I next made the experiment of placing before a lizard a caterpillar as much as possible like that of E. Jacobææ. Half grown larvæ of Bombyx Rubi likewise possess golden yellow (but narrower) transverse rings on a dark ground, and they are much more hairy than those of E. Jacobææ. The lizard first applied its tongue to this caterpillar and then withdrew it, so that I believed it would also be avoided; nevertheless it was subsequently eaten. The caterpillars of Saturnia Carpini were similarly devoured in spite of their bristly hairs, and likewise cuspidate larvæ (Dicranura Vinula), notwithstanding their extraordinary appearance and their forked caudal horn.[152 - [This bears out the view expressed in a previous note 129 (#cn_132), p. 290 (#Page_290), that the grotesque attitude and caudal tentacles are more for protection against ichneumons than against larger foes. R.M.]] These lizards were by no means epicures, but consumed large numbers of earth-worms, slugs, and great caterpillars, and once a specimen of the large and powerfully biting Orthopteron, Decticus Verucivorus. Creatures which possessed a strongly repugnant odour were, however, always rejected, this being the case with the strongly smelling beetle, Chrysomela Populi, as also with the stinking centipede, Iulus Terrestris, whilst the inodorous Lithobius Forficatus was greedily eaten. I will call particular attention to these last facts, because they favour the supposition that with rejected caterpillars a disgusting odour – although perhaps not always perceptible by us – is the cause of their being unpalatable.
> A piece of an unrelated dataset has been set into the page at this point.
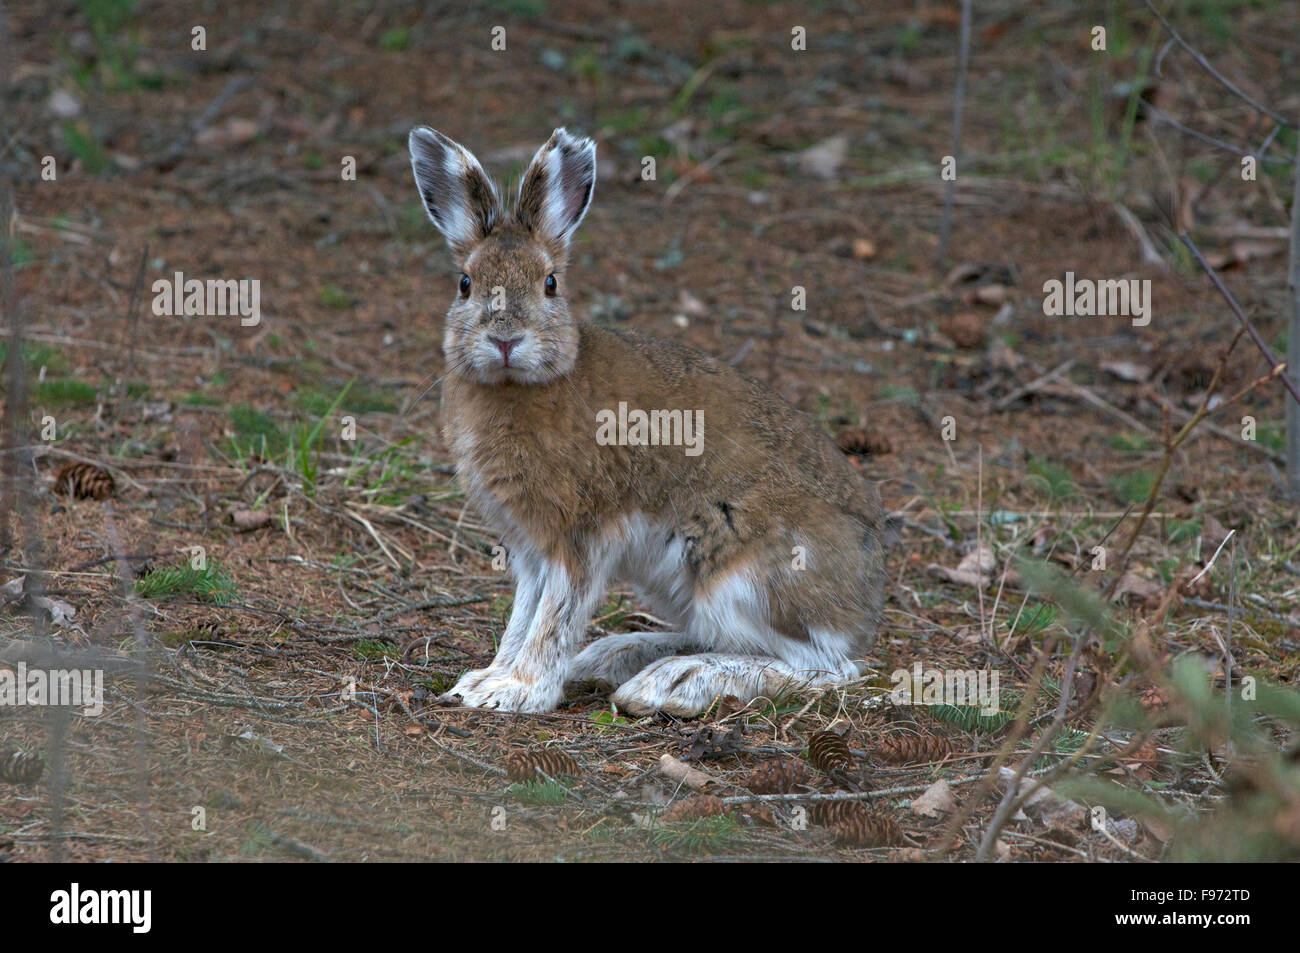 Le lièvre (Lepus americanus), aussi appelé le lièvre variable, le printemps, le parc provincial Quetico, ON, Canada Banque D'Images

Striking colours are of course only signals of distastefulness, and the experiment with Bombyx Rubi shows that the lizards were from the first prejudiced against such larvæ, the prejudice only being overcome on actually trying the specimen offered. A subsequent observation which I made after arriving at this conclusion, is most noteworthy. After the lizard had learnt by experience that there might be not only distasteful caterpillars (E. Jacobææ), but also palatable ones banded with black and yellow (B. Rubi), it sometimes tasted the Jacobææ larvæ, as if to convince itself that the insect was actually as it appeared to be, viz., unpalatable!

A striking appearance combined with a very perceptible and penetrating odour is occasionally to be met with, as in the caterpillar of the common Swallow-tail, Papilio Machaon. I have never seen a lizard make the slightest attempt to attack this species. I once placed two large specimens of this caterpillar in the lizard vivarium, where they remained for five days, and finally pupated unharmed on the side of the case.

I have recorded these experiments, although they do not thus far relate to Sphinx-caterpillars, with the markings of which we are here primarily concerned, because it appeared to me in the first place necessary to establish by my own experiments that signals of distastefulness did occur in caterpillars.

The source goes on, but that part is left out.